When to use it? When achieving good balance is critical and standard matching methods struggle.

Strengths: Excellent balance across covariates; data-driven weighting.

Weaknesses: Computationally heavy. May require tuning. Randomness in the genetic algorithm introduces some variability.

Caliper Matching

Caliper matching introduces a distance threshold to restrict which treated and control units can be matched. Specifically,

A treated unit is only matched to a control unit if the distance between them is within a pre-specified caliper.

That is, if the difference falls below a set limit. For example, when matching on propensity scores, a common rule is to match only if the absolute difference in propensity scores is less than 0.1:

\[ |e(X_i^{\text{treated}}) - e(X_j^{\text{control}})| < \text{caliper} \]

This constraint helps avoid poor matches, especially when treated and control groups have limited overlap. Without calipers, nearest neighbor matching might pair units with very different covariate profiles, particularly in the tails of the propensity score distribution. These poor matches can increase bias and undermine the credibility of causal estimates.

Caliper matching is not a matching method on its own but rather a modification to existing strategies—most often to nearest neighbor matching.

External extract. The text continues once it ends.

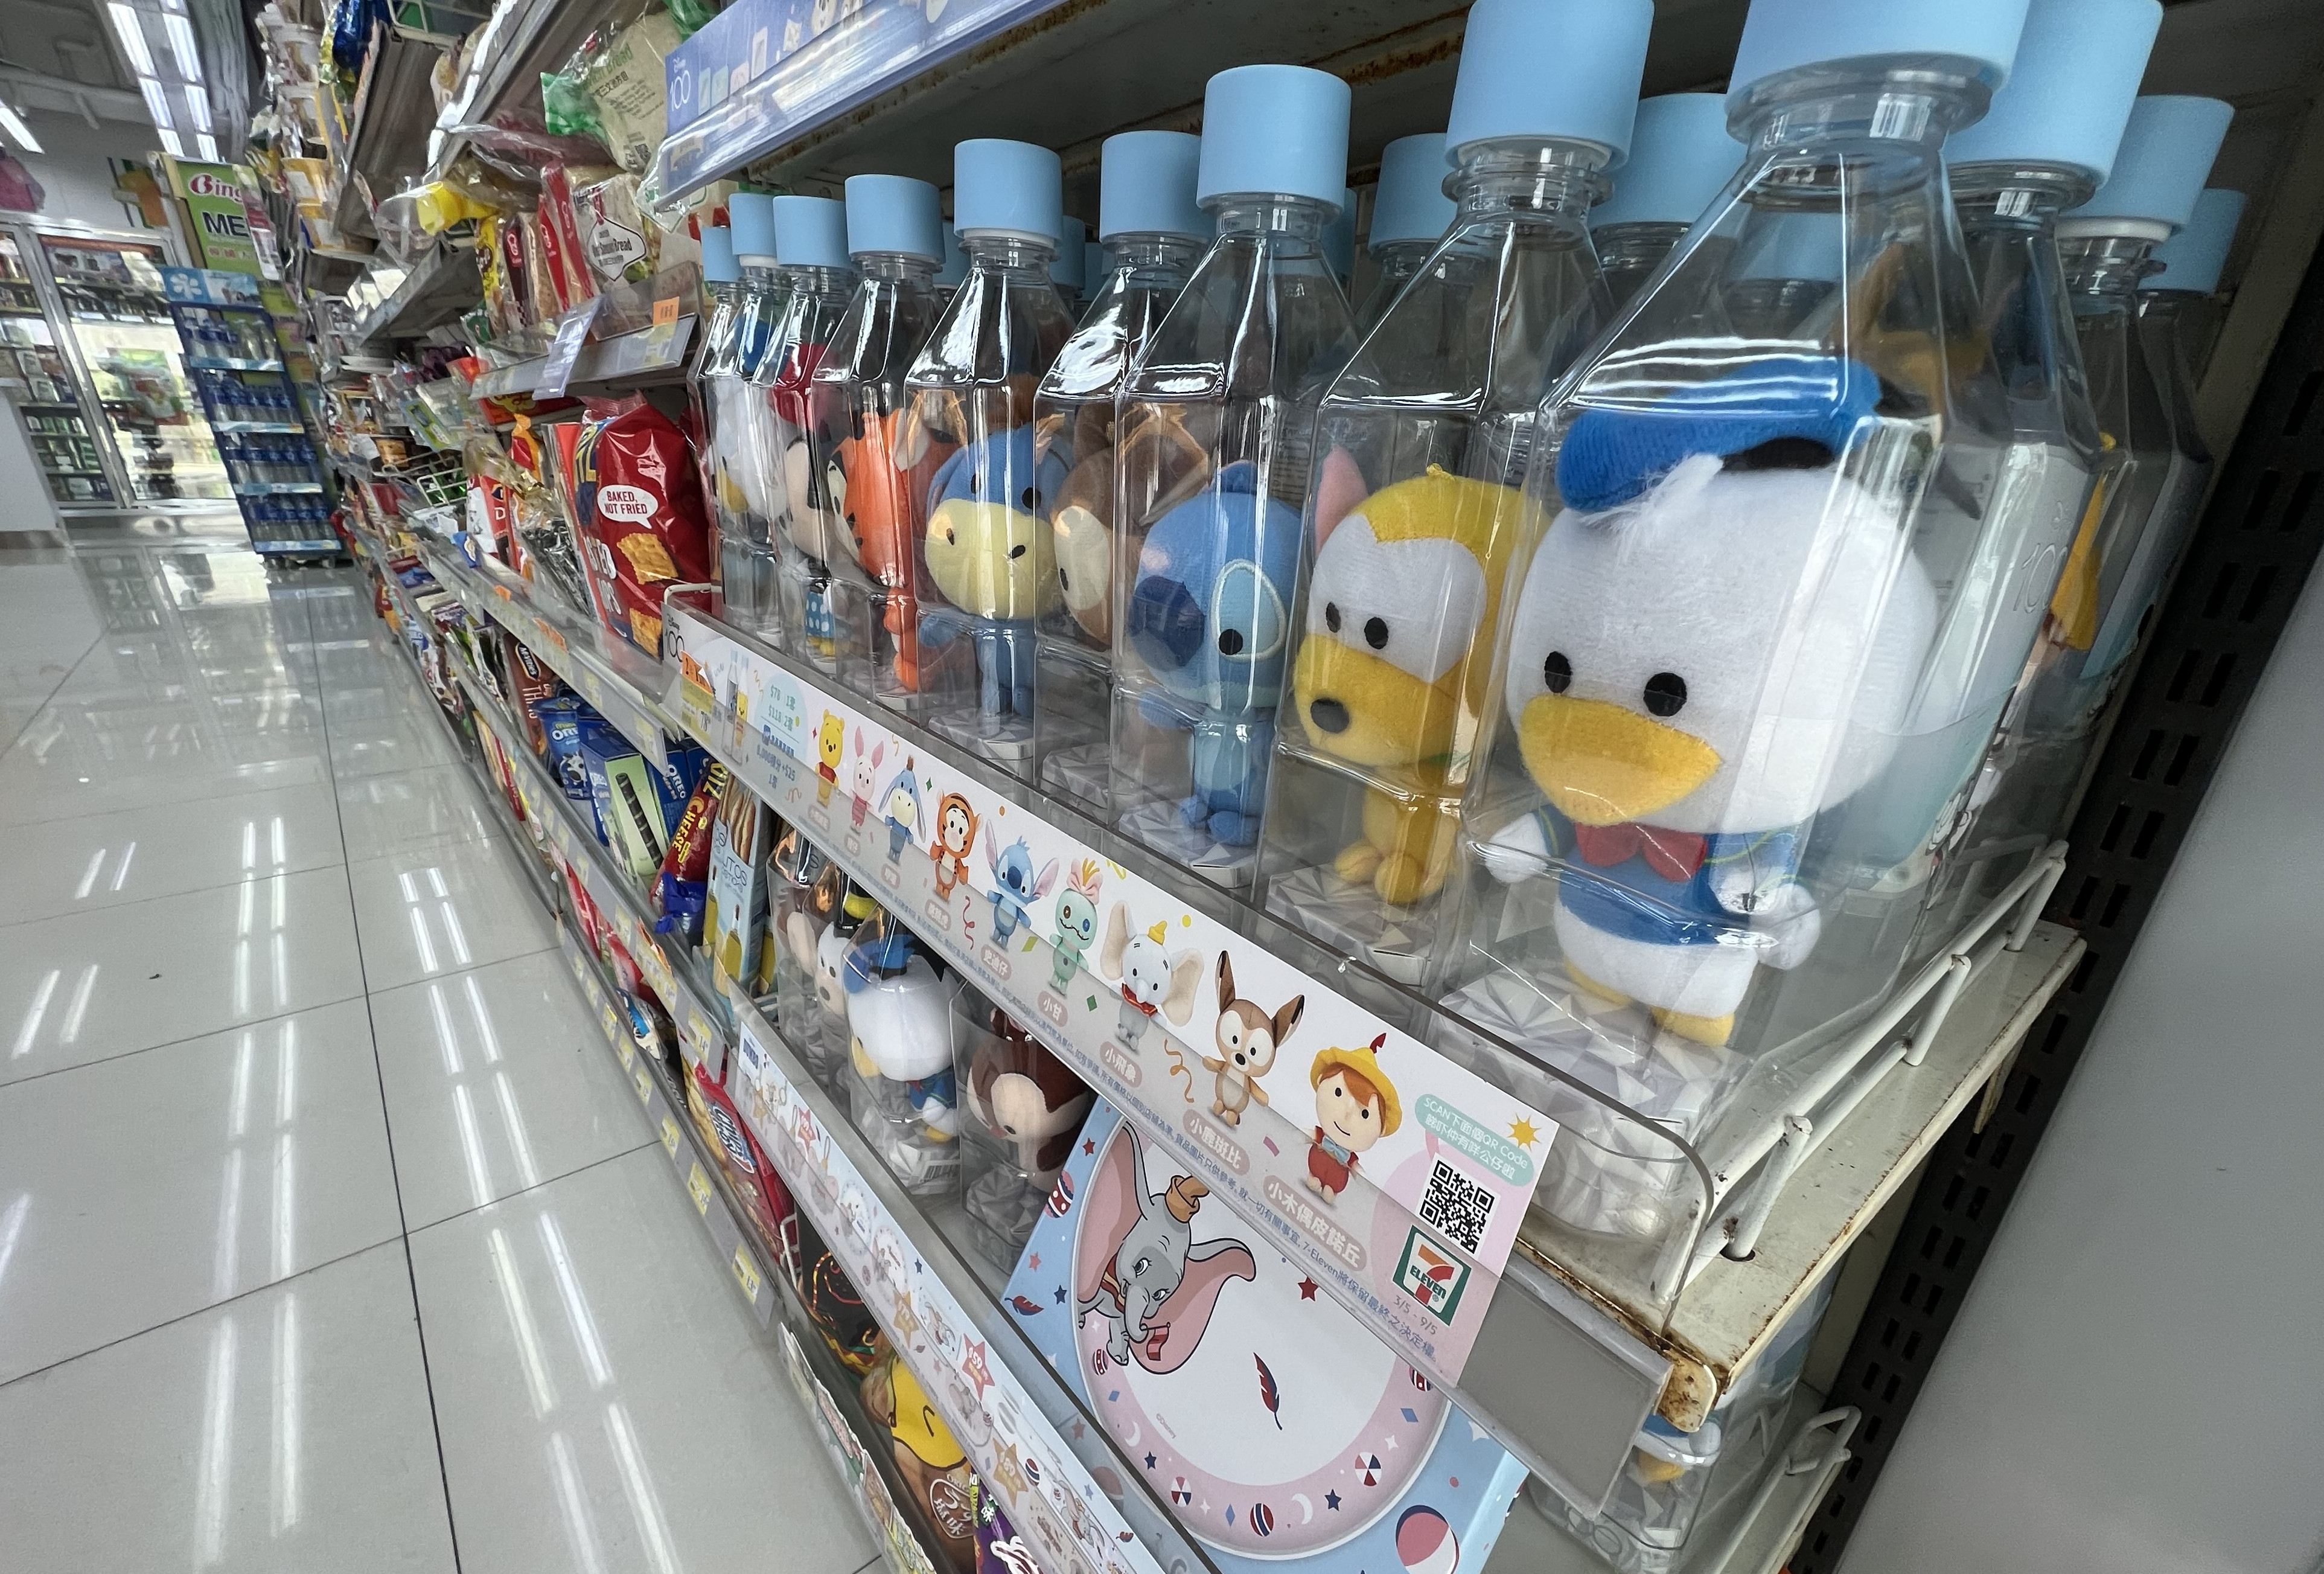 A new Disney product puts a plush toy in water bottles. Photo: Martin Chan

It can also be combined with optimal matching or Mahalanobis distance.

Choosing the right caliper width is important: too wide, and the constraint has little effect; too narrow, and many treated units may be left unmatched, reducing sample size and precision.

Caliper matching is particularly useful when the common support assumption is questionable—i.e., when treated and control groups do not overlap well in covariate space. In such cases, calipers serve as a safeguard to maintain the quality of matches by explicitly enforcing local comparability.

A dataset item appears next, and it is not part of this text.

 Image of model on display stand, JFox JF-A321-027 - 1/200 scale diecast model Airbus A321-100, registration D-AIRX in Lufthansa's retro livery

When to use it? When you want to avoid poor matches with big distance gaps.

Strengths: Prevents bad matches. Easy to implement alongside other methods.

Weaknesses: May leave some treated units unmatched if no control falls within the caliper.

Bottom Line

Matching methods are powerful tools for causal inference.
They come in many flavors, each with its own strengths and weaknesses.
No single method is best for all situations; the choice depends on the data, the research question, and the assumptions you are willing to make.

Where to Learn More

The book Causal Inference for Statistics, Social, and Biomedical Sciences by Imbens and Rubin (2015) provides excellent coverage of matching and its theoretical underpinnings. I also recommend Stuart (2010)’s seminal review paper cited below. The MatchIt and Matching R packages documentation are also goldmines for practical implementation details.

References

Abadie, A., & Imbens, G. W. (2016). Matching on the estimated propensity score. Econometrica, 84(2), 781-807.

Ben-Michael, E., Feller, A., Hirshberg, D. A., & Zubizarreta, J. R. (2021). The balancing act in causal inference. arXiv preprint arXiv:2110.14831.

Diamond, A., & Sekhon, J. S. (2013). Genetic matching for estimating causal effects: A general multivariate matching method for achieving balance in observational studies. Review of Economics and Statistics, 95(3), 932-945.

Iacus, S. M., King, G., & Porro, G. (2012). Causal inference without balance checking: Coarsened exact matching. Political analysis, 20(1), 1-24.

Imbens, G. W. (2015). Matching methods in practice: Three examples. Journal of Human Resources, 50(2), 373-419.

Imbens, G. W., & Rubin, D. B. (2015). Causal Inference for Statistics, Social, and Biomedical Sciences: An Introduction. Cambridge University Press.

Rosenbaum, P. R., & Rubin, D. B. (1983). The central role of the propensity score in observational studies for causal effects. Biometrika, 70(1), 41–55.

Stuart, E. A. (2010). Matching methods for causal inference: A review and a look forward. Statistical Science, 25(1), 1–21.

Rosenbaum, P. R. (2002). Observational Studies. Springer.